Sebenarnya masa lalu itu penting. Orang bilang jangan ingat-ingat masa lalu, tapi masa lalu membuat kita belajar membangun masa depan yang lebih baik. Dalam tragedi yang terburuk sekalipun, Roma 8:28 berlaku di sana. Siapa kita yang tidak mengalami, bahwa karena kesalahan masa lalu, kita telah menjadi orang yang lebih baik sekarang?
Jadi sikap yang paling benar terhadap masa lalu adalah ‘belajar’. Biarkan masa lalu mengajar. Biarkan masa lalu mendidik dan menyatakan kesalahan. Biarkan masa lalu mendorong perubahan karakter. Lalu berjalanlah meninggalkan masa lalu di belakang. Dia tak perlu ikut ke masa depan sebagai sarana intimidasi bagi diri sendiri. Seolah-olah kita memerlukan sesendok intimidasi setiap hari untuk memacu kualitas kinerja kita dalam membangun kehidupan. Padahal yang kita butuh itu motivasi, bukan intimidasi, rasa bersalah atau penyesalan yang bertumpuk dikepala dan membuat bahu terasa berat. Jangan-jangan orang lain melihat kita seperti klingon, karena terlalu banyak memikirkan masa lalu.
Lagipula masa depan punya kemungkinannya sendiri. Masa lalu hanya boleh jadi pengamat dan pengingat di masa kini. Sesekali bolehlah dia muncul dan menjadi tolok ukur perbuatan. Apakah aku sudah menjadi orang yang lebih baik? Apakah responku terhadap masalah sudah lebih bijaksana? Pertanyaan-pertanyaan seperti itu tentu harus diukur dengan menempatkan garis start di masa lalu. Tapi tak lebih dari itu.

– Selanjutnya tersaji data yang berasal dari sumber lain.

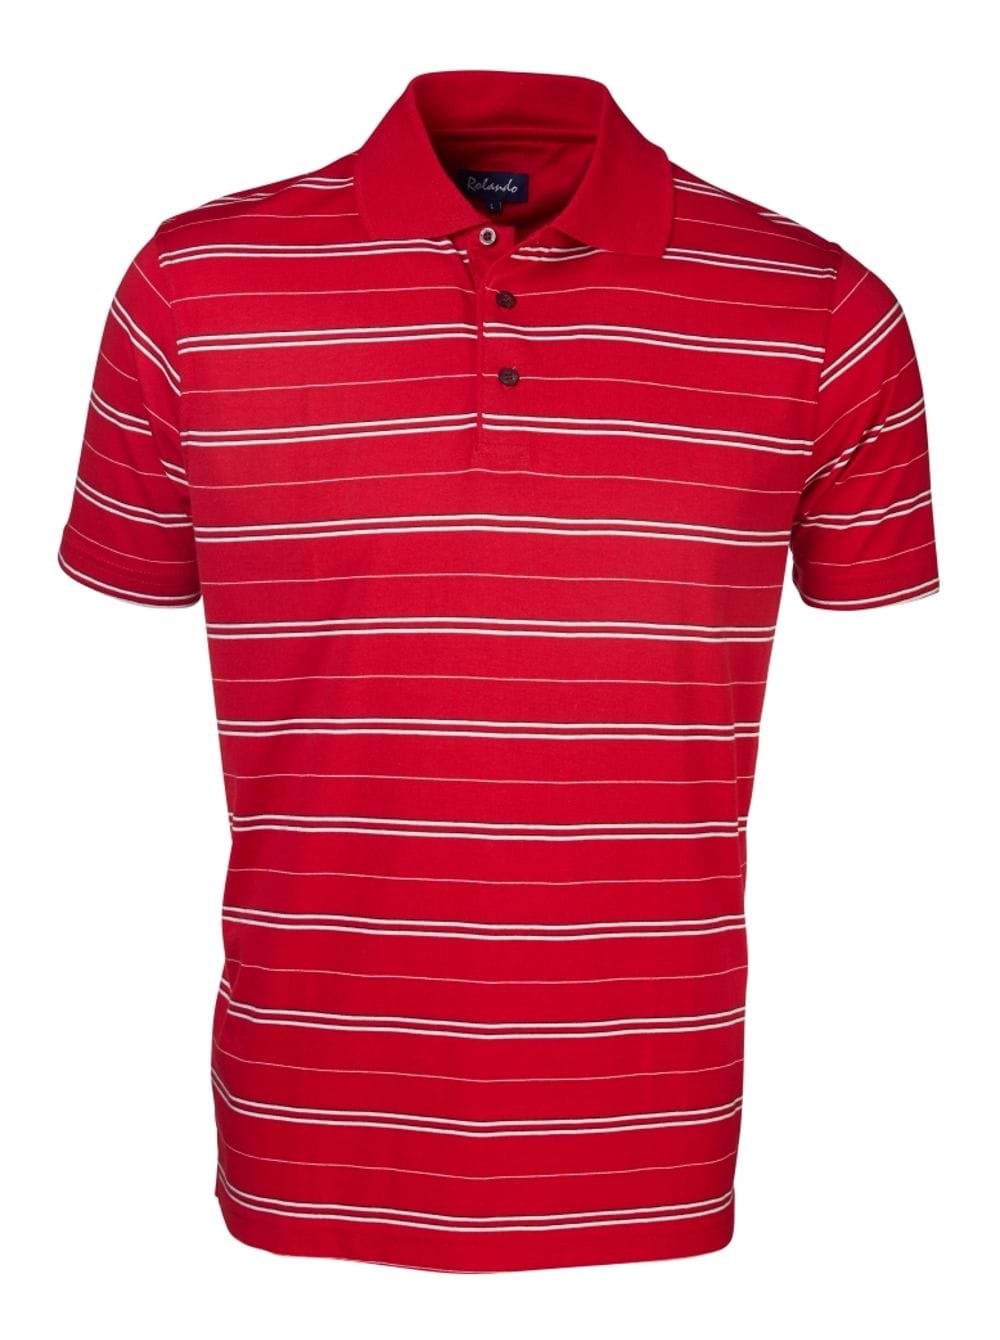 Mens Cotswold Golfer - Red/White/Black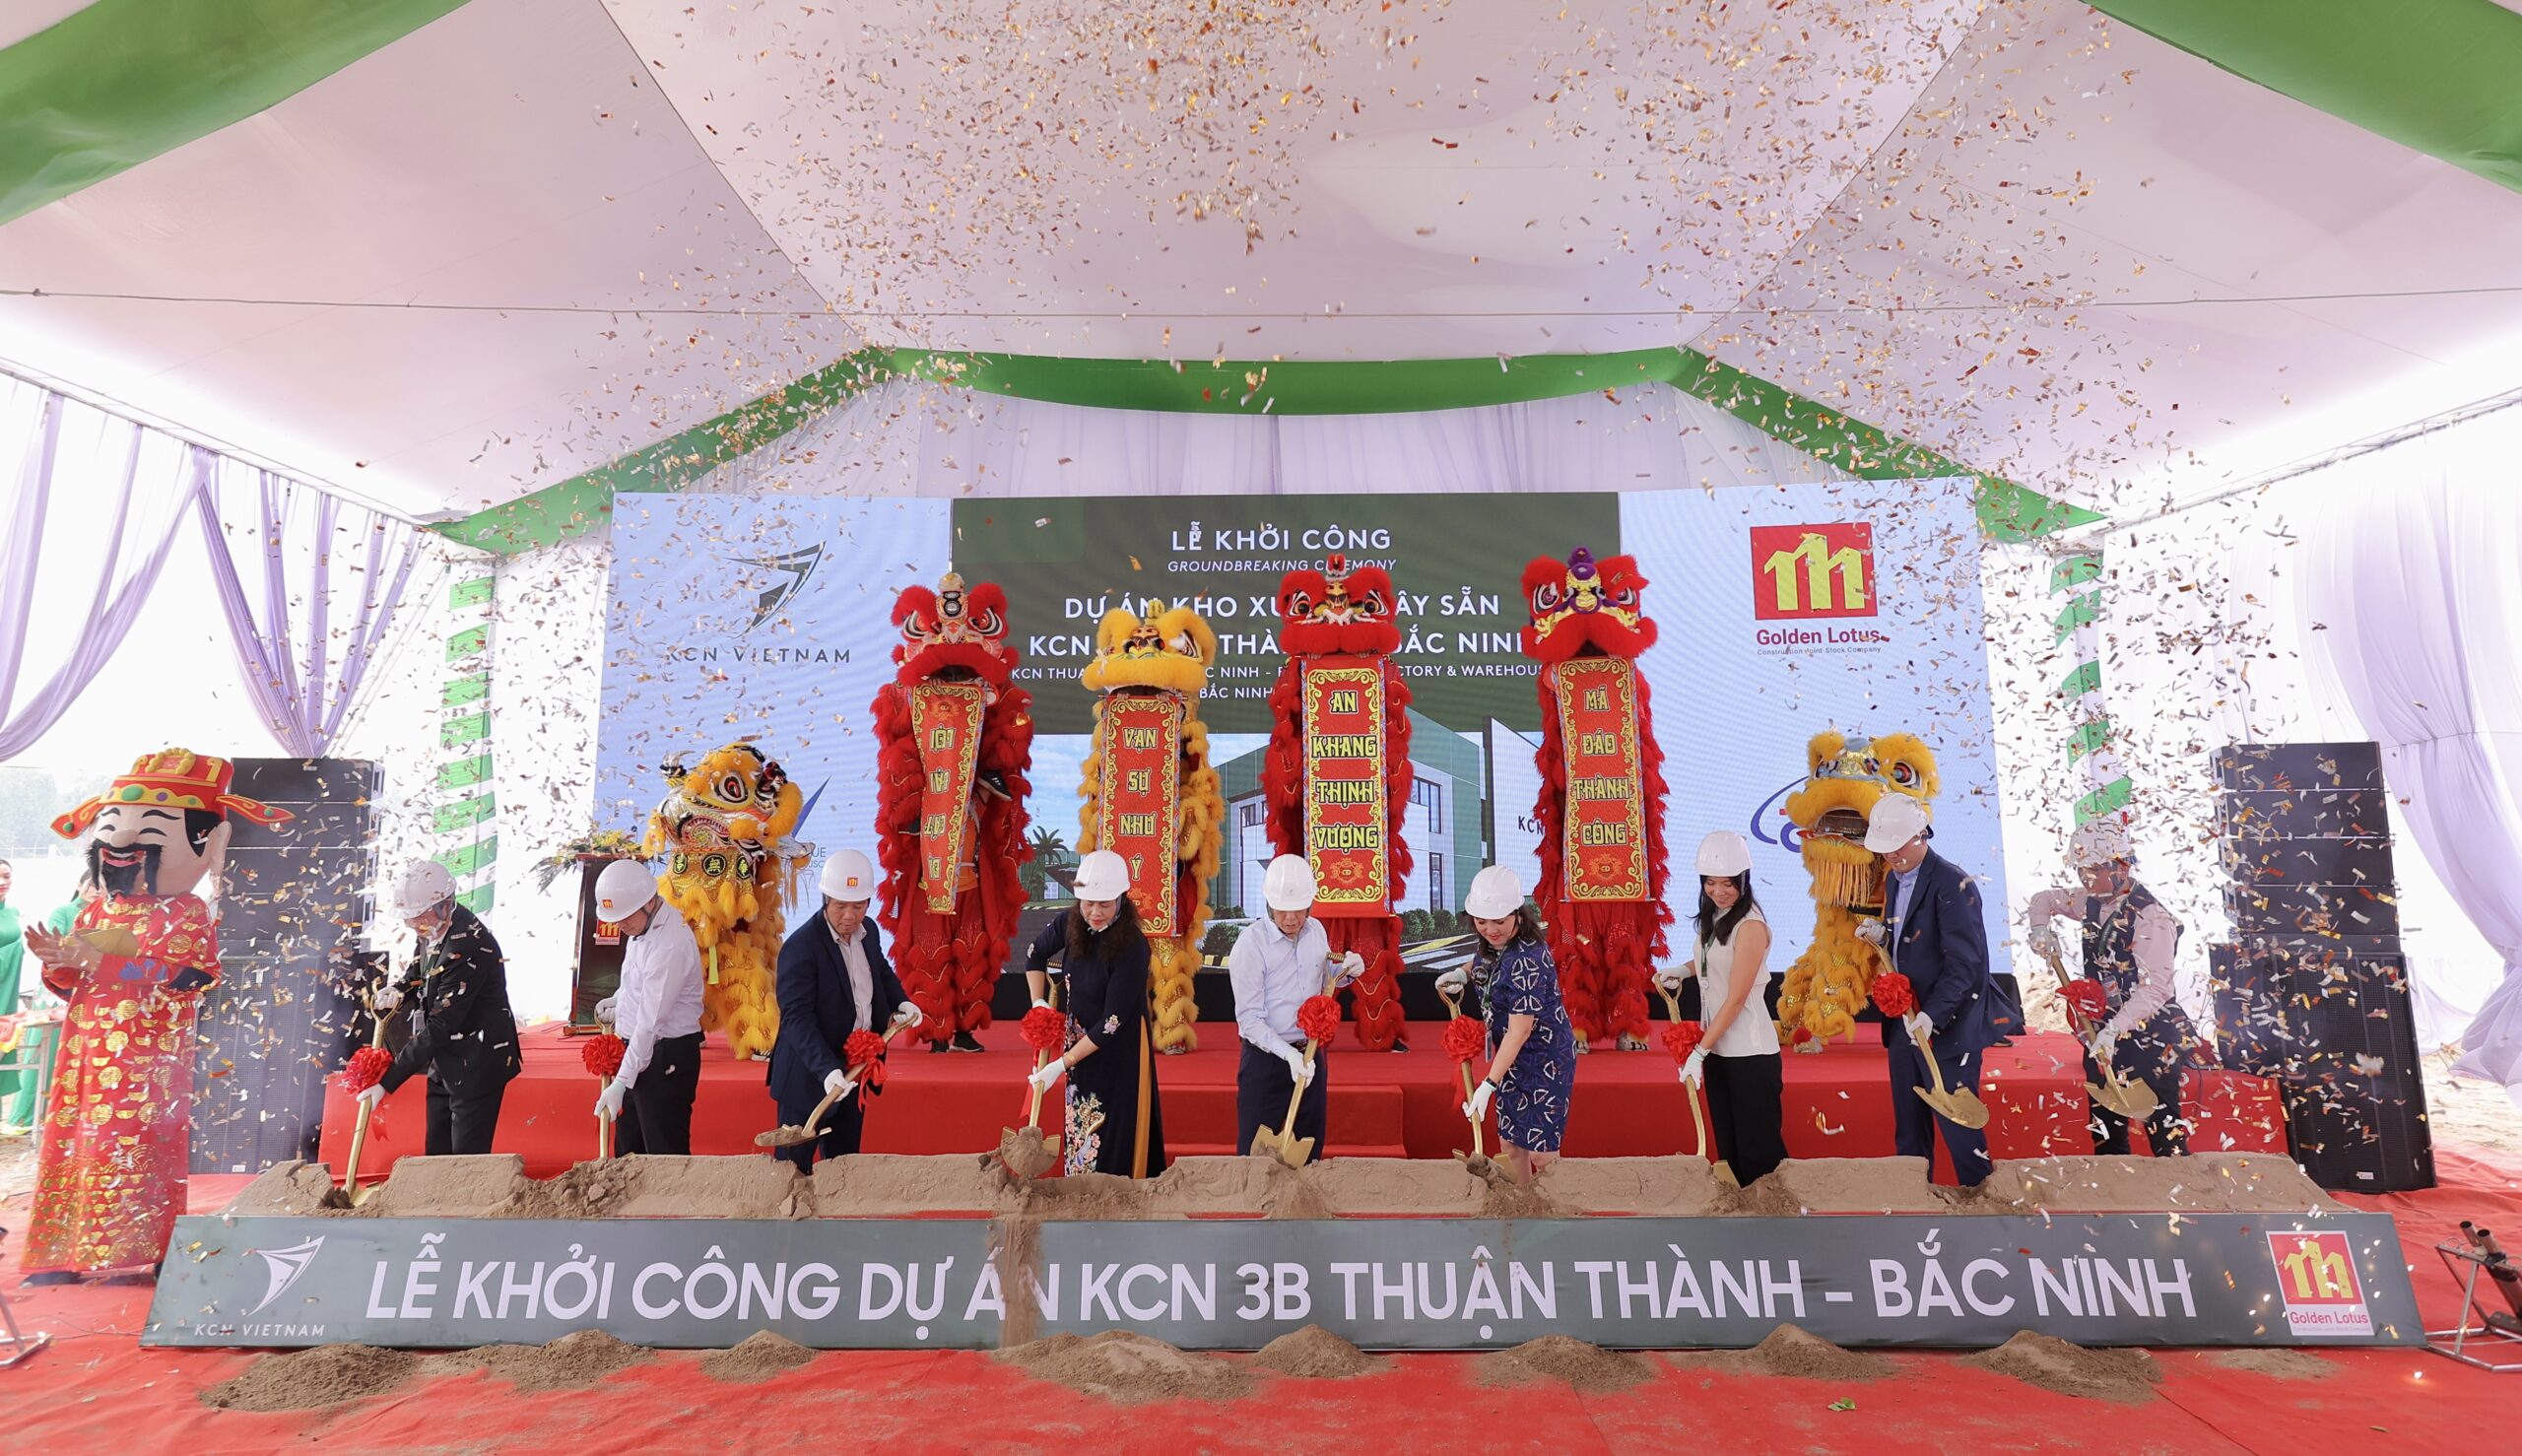 KCN VIETNAM BREAKS GROUND ON KCN THUAN THANH 3B – BAC NINH FOR READY-BUILT FACTORY AND WAREHOUSE PROJECT

Yang penting juga masa lalu harus bisa menempatkan diri. Ia harus tahu tempat dan giliran. Giliran bicaranya datang kalau manusia butuh fakta yang bermanfaat bagi perubahan karakter. Lepas dari itu, masa lalu harus duduk di bangku penonton. Dan biarkan manusia menjalani kehidupan.